■ **YOUR ASSIGNMENT**: Could you retype exactly the lines below between the one holding "ライドメッシュジャケット [FOR WOMEN]【2020" and the one holding "やむを得ない広告傷つきやすい", inclusive, leaving out any pictures?

■ **RECORDED INFORMATION**:
□ □ □ □
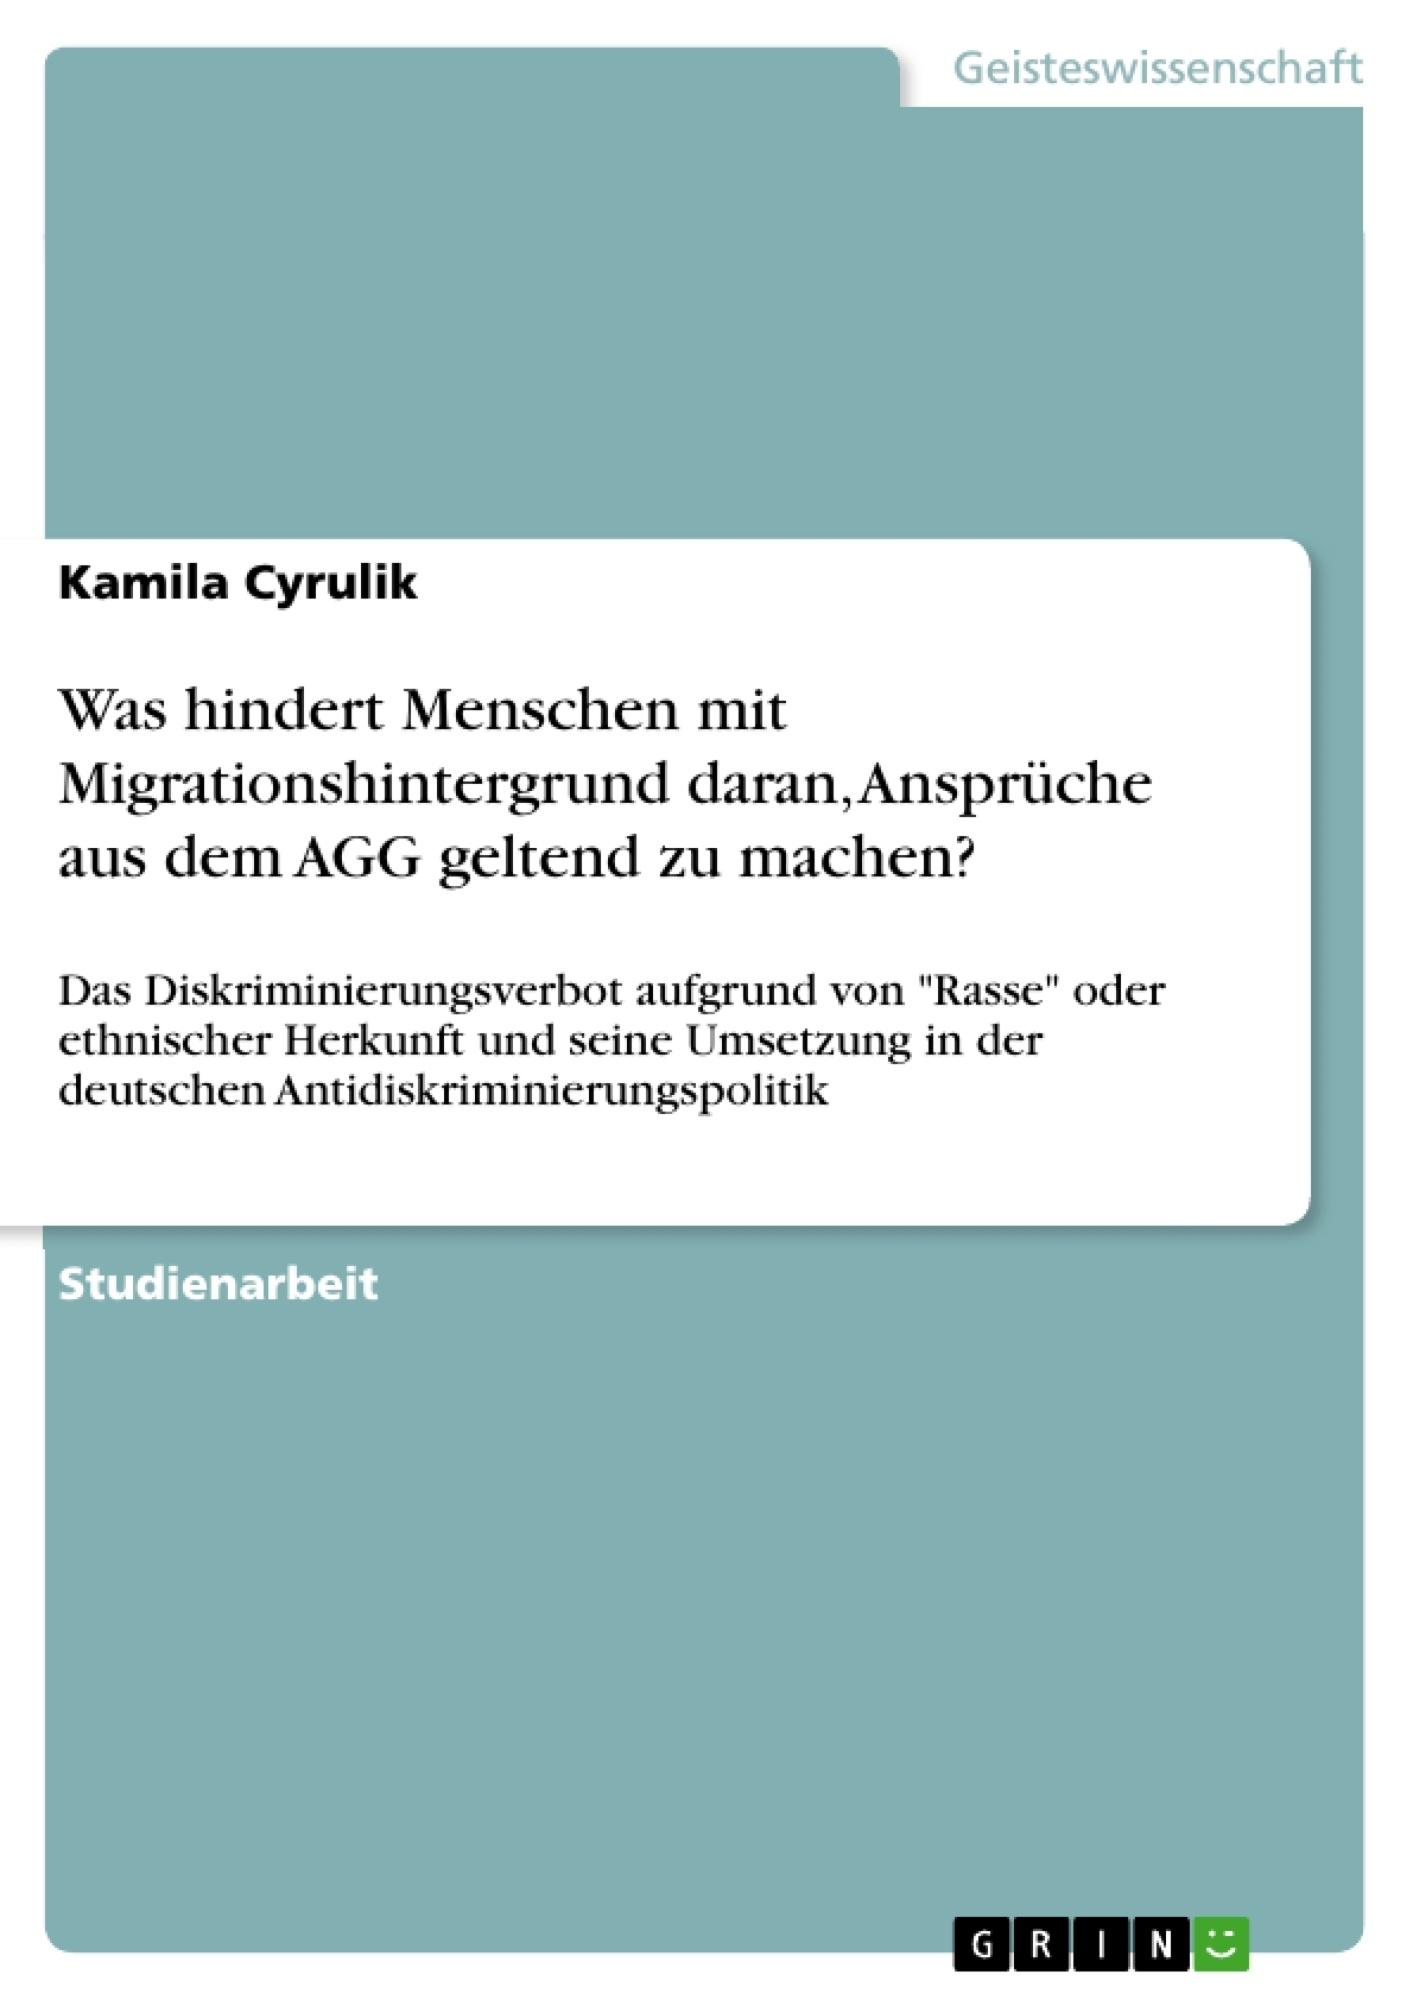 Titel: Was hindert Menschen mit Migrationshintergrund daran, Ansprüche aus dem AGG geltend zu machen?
□ □ □ □
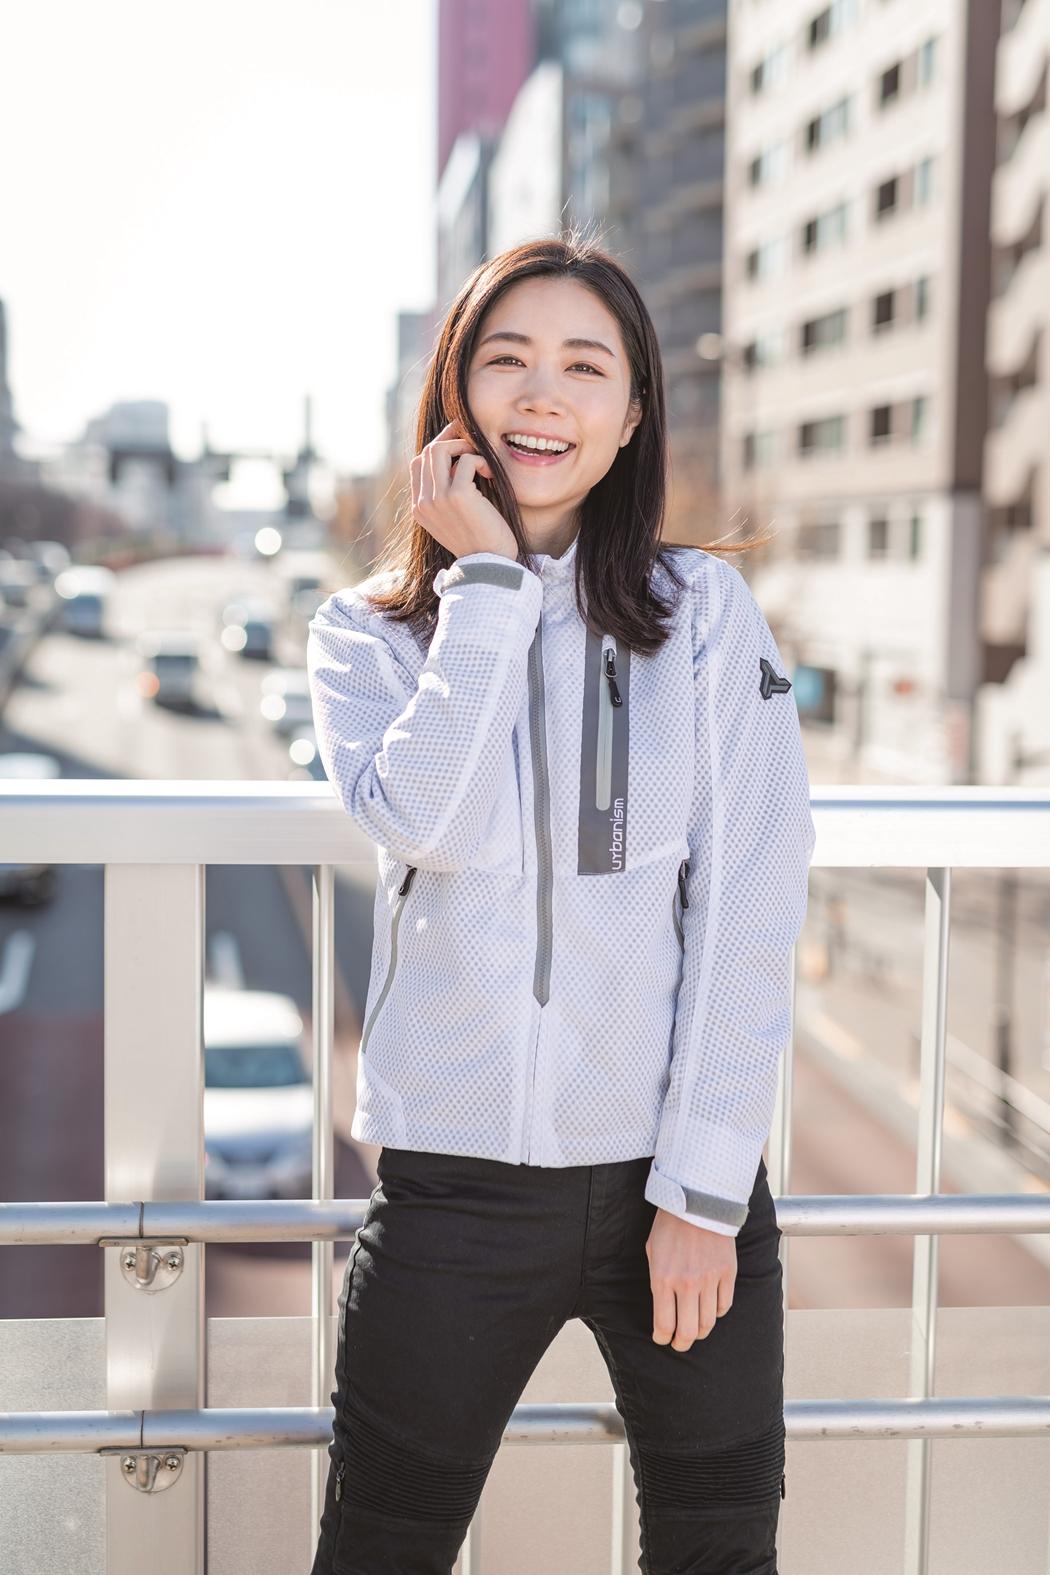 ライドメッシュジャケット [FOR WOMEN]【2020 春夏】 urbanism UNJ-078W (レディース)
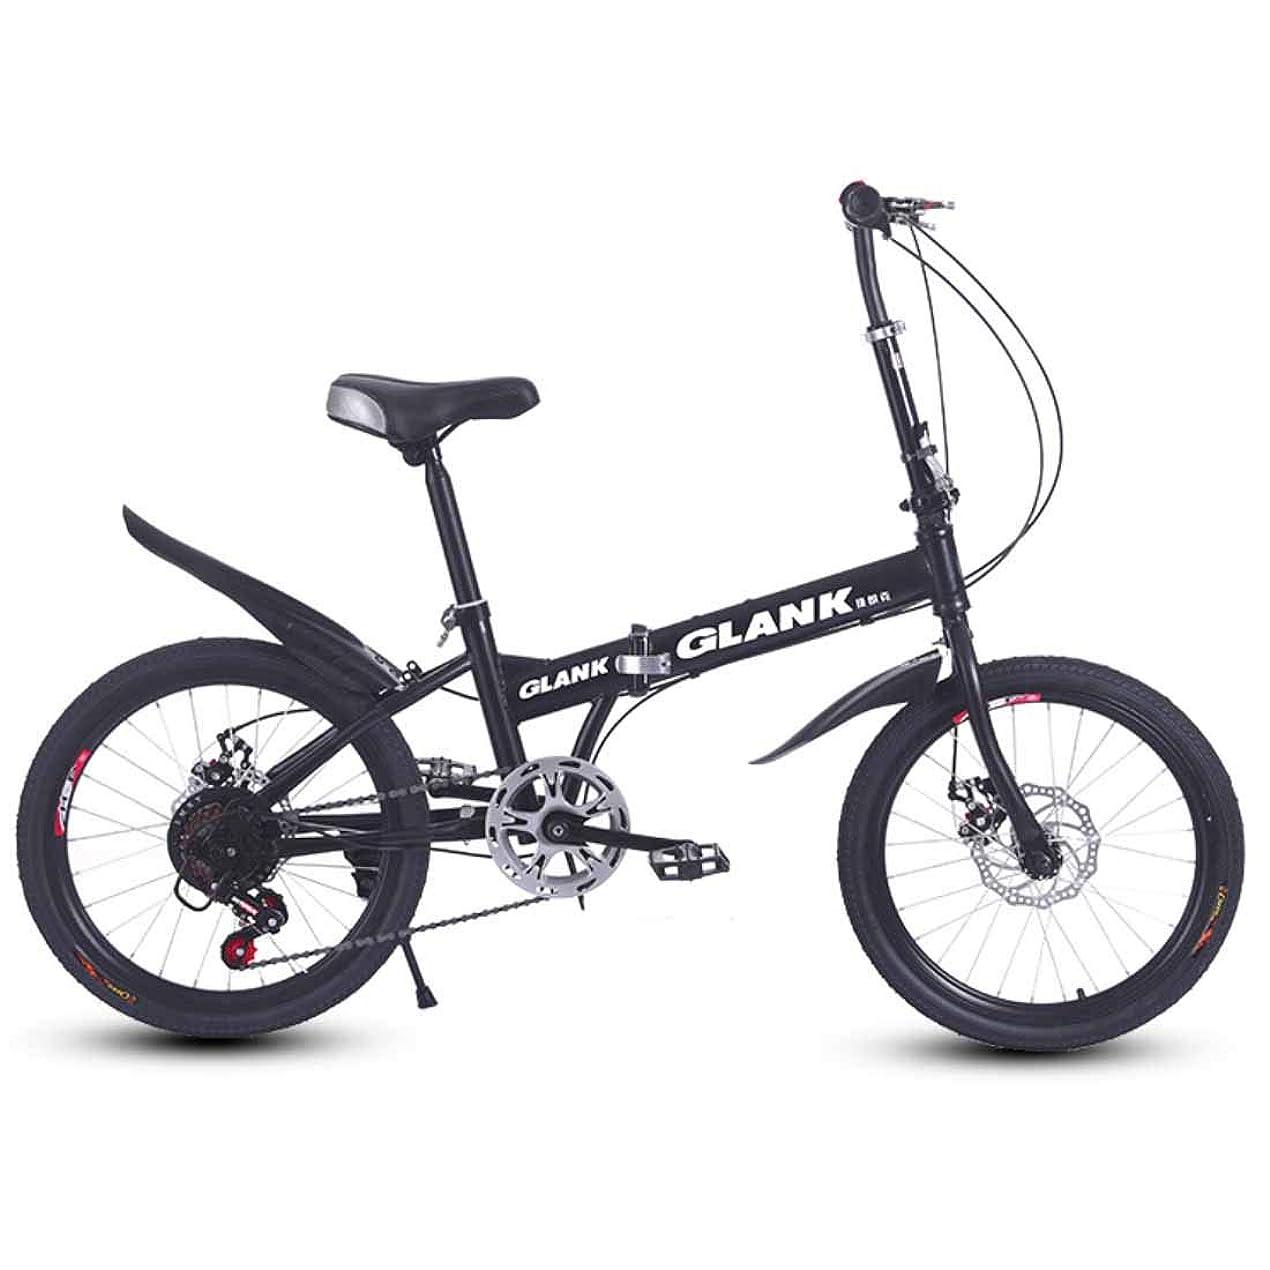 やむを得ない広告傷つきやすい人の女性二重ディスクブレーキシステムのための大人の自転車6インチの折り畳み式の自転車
□ □ □ □
■ **EXERCISE RESULT**:
 ライドメッシュジャケット [FOR WOMEN]【2020 春夏】 urbanism UNJ-078W (レディース)
 やむを得ない広告傷つきやすい人の女性二重ディスクブレーキシステムのための大人の自転車6インチの折り畳み式の自転車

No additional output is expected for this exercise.